2. Die Bereitschaft von Timesharing-Rechenzentren, im Zusammenhang mit Anwendungsprogrammen auch die noch wichtigere Anwendungsberatung und sogar komplette Problemlösung (Consulting) zu bieten.

Der Mitarbeiterstab im Bereich Anwendungsberatung hat sich bei Control Data in den letzten zwei Jahren verdoppelt. Der Umsatz, erzielt durch den Einsatz von Anwendungsberatern, ist in den letzten drei Jahren um mehr als das Vierfache gestiegen und beträgt heute schon 15 Prozent des Gesamtumsatzes aus RZ-Dienstleistungen. Ursache dessen sind in erster Linie Anwendungen, die wegen ihrer hohen technischen Anforderung und Komplexität nicht ohne weiteres im Haus des Anwenders abgewickelt werden können.

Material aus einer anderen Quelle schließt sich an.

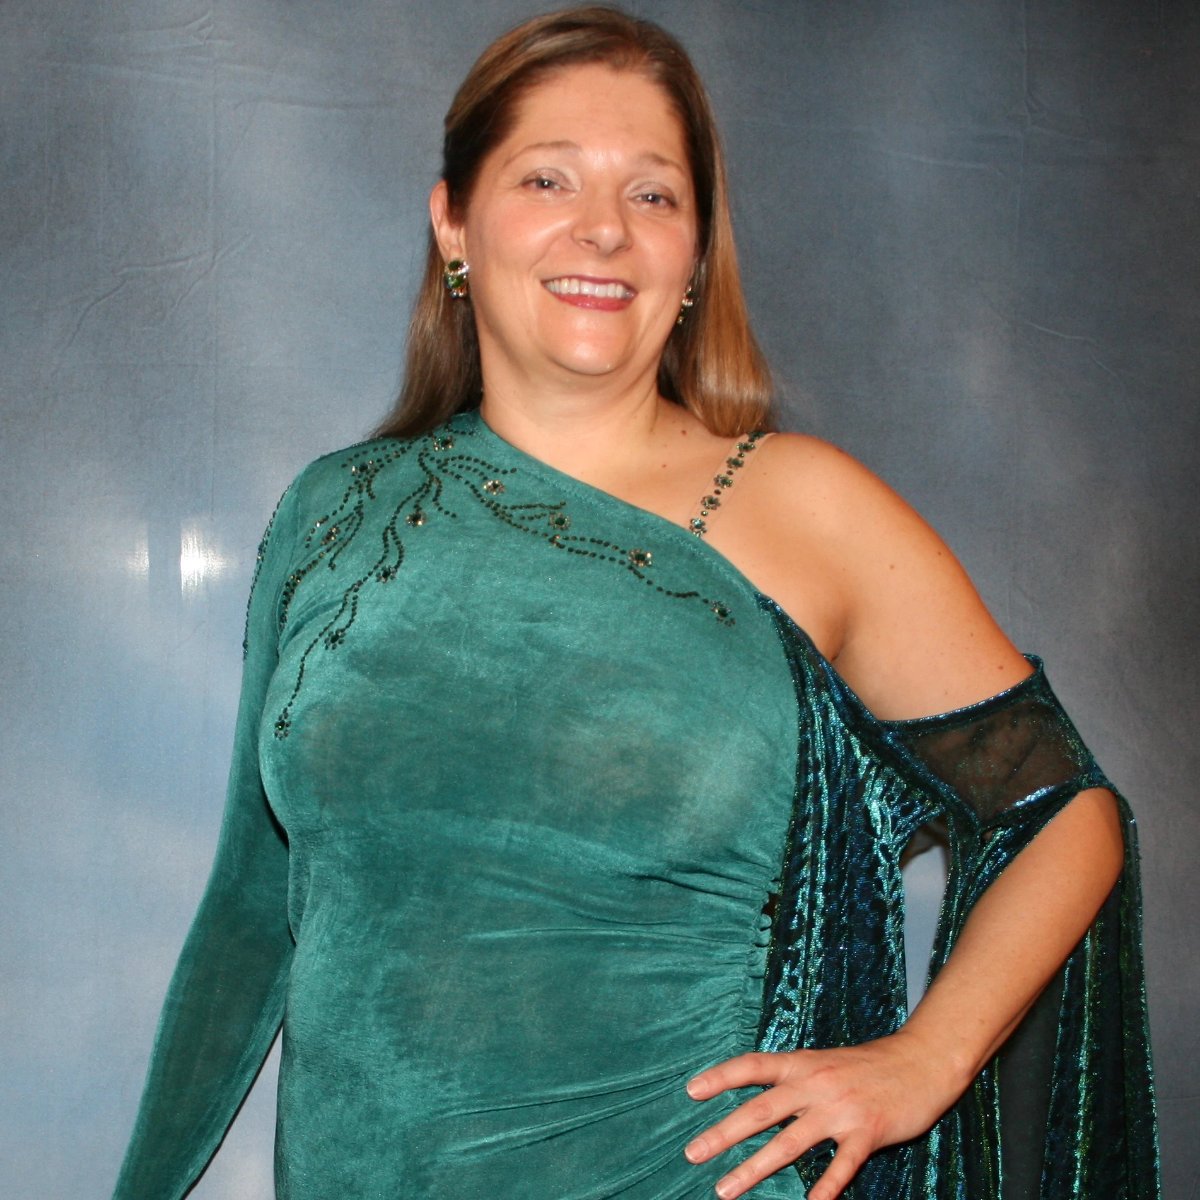 Crystal's Creations close up view of Plus size teal Latin/rhythm dress or tango dress was created in luxurious teal solid slinky with iridescent floats & flounces plus a few champagne sequined flounces at bottom skirting. It is embellished with finely detailed Swarovski stonework in blue zircon, blue zircon AB and emerald gren

Zwei Dienstleistungsformen sind hier zu nennen:

Anwendungsberatung:

In diesem Falle verlangt der Kunde für sein Problem nicht nur die Einführung, sondern auch die Programm-Anpassung an sein spezifisches Problemgebiet.

Wir erleben es immer häufiger, daß Kunden aus Großfirmen mit personell gut ausgestatteten und organisierten Rechenzentren nach einer kurzfristig lieferbaren Lösung fragen. Das Rechenzentrum des Kunden kann (oder will) nicht die ständig wachsende personelle Belastung bewältigen.

Als Vorgabe erhält der Anwendungsberater meist nur den Wunschtermin und eine ungefähre Problembeschreibung. (Ein Lehrbuch der Systemanalyse würde demgegenüber eine fertig ausgearbeitete Programmspezifikation verlangen.) Herkömmliche Programmierung ist aus zeitlichen und wirtschaftlichen Gründen völlig ausgeschlossen. Hier hilft nur die erprobte Anwendungs-Software und der erfahrene Anwendungsberater, der kurzfristig die entsprechende Anpassung des Anwendungsprogrammes an die Problembeschreibung vornimmt.

Komplette Problemlösungen:

Hier übergibt der Kunde sein Problem vollständig dem Service-Rechenzentrum. Fachleute erstellen die Lösung - sei sie kaufmännischer oder technisch/ wissenschaftlicher Art - unter Zuhilfenahme der geeigneten Anwendungsprogramme. Der Kunde erhält die Ergebnisse in einem Abschlußbericht.

Zur Ergänzung des eigenen Mitarbeiterstabes wird oft auch ein Subcontractor verpflichtet. Bei dieser Form der Dienstleistung scheint für den Auftraggeber die Frage der Haftung ausschlaggebend zu sein (Größe und Name des Service-Rechenzentrums). Die Erfahrung zeigt, daß in vielen Fällen aus Haftungsgründen ein potenter Partner vor einem Ingenieurbüro ausgewählt wird.

Zusammenfassend läßt sich sagen: Das Angebot der Timesharing-Rechenzentren für Problemlösungen mit vorhandener Anwendungs-Software sowie Beratung ist für den Kunden besonders attraktiv geworden. Der Verhandlungspartner ist der zuständige Fachbereich und nicht, wie früher, die EDV-Abteilung.

*Rolf Sänger ist Verkaufsleiter Deutschland in der Abteilung Data Services der Control Data GmbH, Frankfurt.